We’ve written about polyploidy previously. It is something that is very intriguing given that it could be a mechanism for plant diversity. We currently are involved in a project examining polyploidy and how it impacts plant diversity but we wanted to give you all a sneak preview of it here. So, while this post may not be as organized as usual, we wanted to go over a few key questions. For those who may not already know what polyploidy is, I recommend you take a quick look at my previous article as it explains a lot of the background terminology.
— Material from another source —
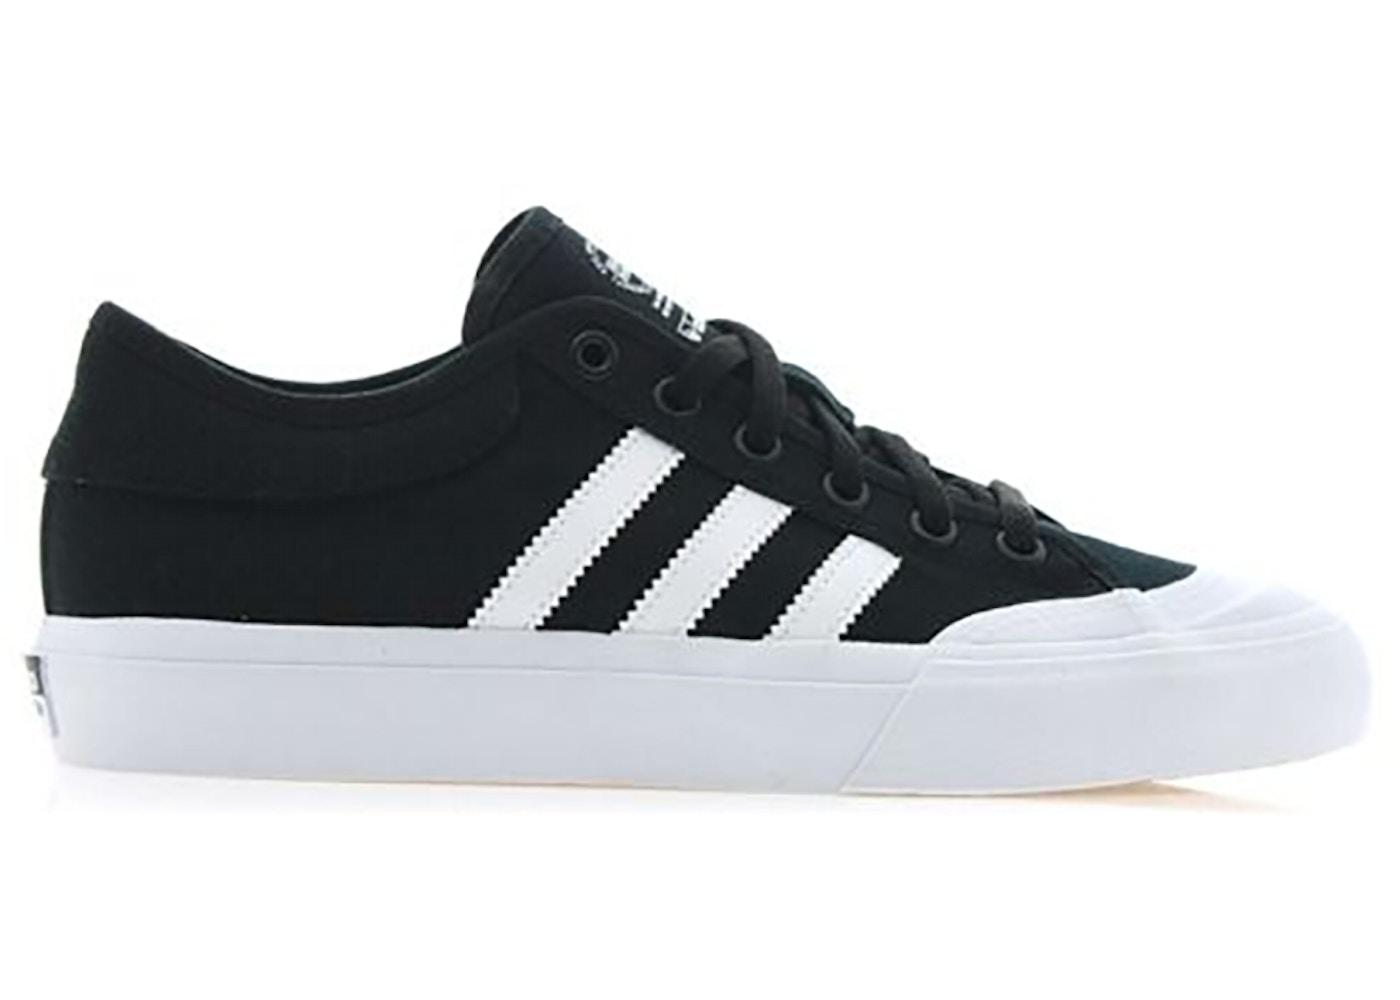 Adidas Matchcourt adidas Matchcourt Black White (2017) - F37383

Before going any further, I need to clear up a few things. When I wrote the original polyploidy article, I made the mistake of uncritically accepting some comments about polyploidy made by evolutionists. For one, they repeatedly state that polyploidy is found throughout the evolutionary history and that upwards of 70, maybe more, percent of plants have a polyploid ancestor. This is based on a concept known as paleopolyploidy, which is the idea that there were whole-genome duplications that took place several million years ago or more, and have since been diploidized out of the genome. This is based purely on the purported phylogenetic relationships that plants share with one another which are utterly false. Therefore the number of truly polyploid plants, not ones presumed to have a polyploid history, is likely much lower than the percentage listed.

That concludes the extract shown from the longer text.